This is very true.

And one reason more why especially palaeontologists should stop ignoring distance-based networks (following the Farris'ian Dogma that "distance = phenetic", but see Felsenstein, 2004, Inferring Phylogenies) as a tool to explore the non-trivial signal in their data sets — some application examples posted at the Genealogical World of Phylogenetic Networks; see also Denk & Grimm, Rev. Pal. Pal. 2009, Bomfleur et al., BMC Evol. Biol. 2015, —, PeerJ, 2017. Even in the absence of reticulation, evolving morphologies do not provide tree-like signal, because synapomorphies, characters fully compatible with the true tree, are rare, homoiologies common, and convergences, characters incompatible with the true tree, inevitable.

The less tree-like the signal and the more different the individual probabilities for change, the more misleading or ambiguous will be the parsimony tree reconstruction. Neighbour-nets may appear to be crude tools, but are quick-to-infer, designed to handle data incompatibility. Consensus networks are, in any possible aspect, more informative than a strict or majority rule consensus tree.

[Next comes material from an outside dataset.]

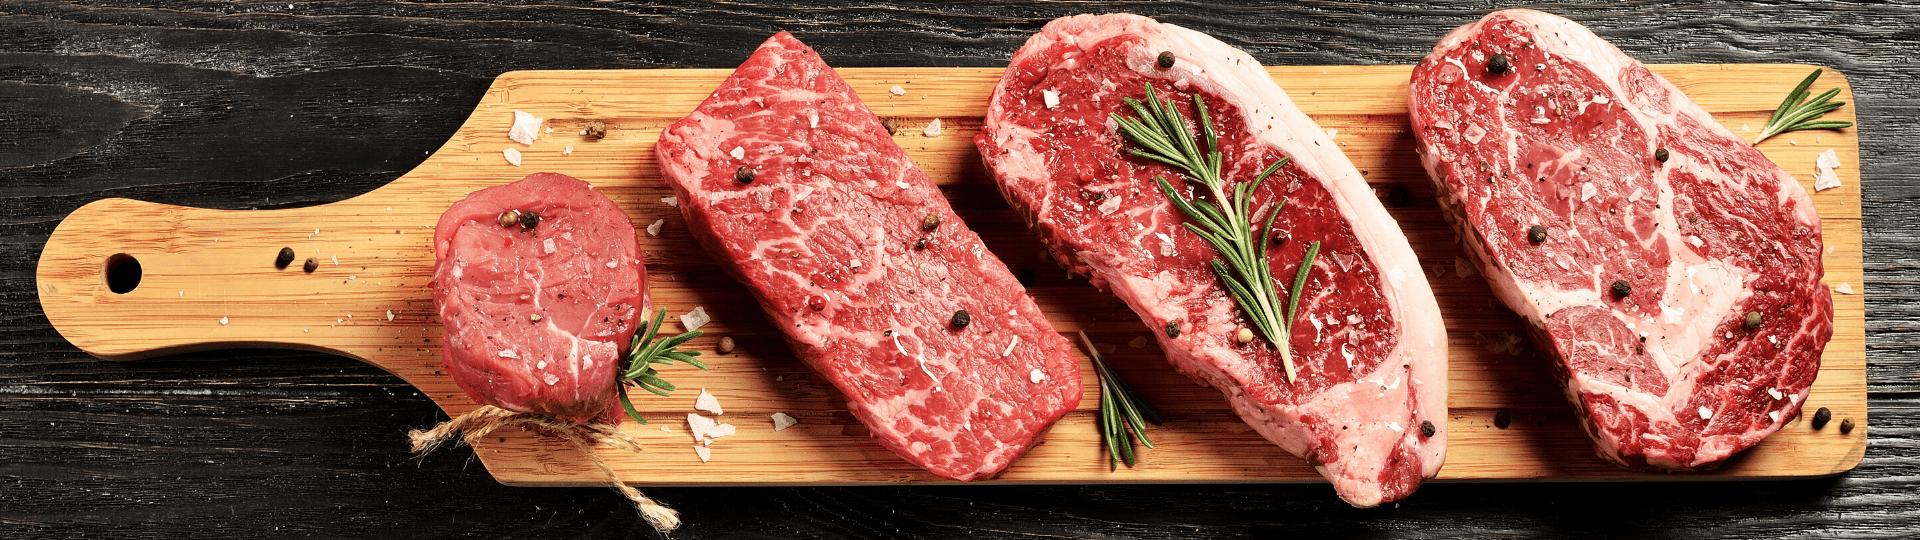 Rindfleisch-Produkte
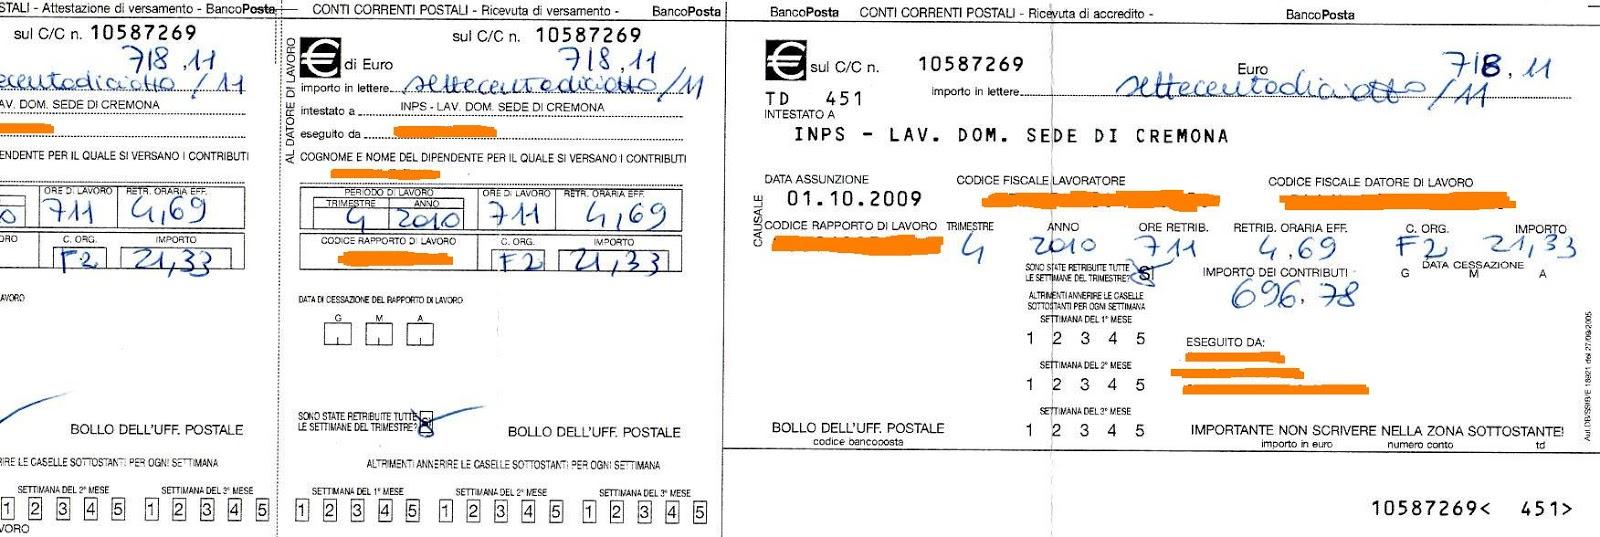 contratto badanti: dicembre 2010

Instead of trying to decide between equally and inevitable biased trees, we can just explore our data, using networks. See pic, depicting all potential synapomorphies, bold, symplesiomorphies, italics, and homoiologies that can be inferred directly from the crocodilian morphomatrix. Naturally including pseudo-synapomorphies (red) when compared to the provided molecular tree.

PS That the way out of the dilemma is to embrace networks has been realised very early in evolutionary sciences (long before Hennig and Farris).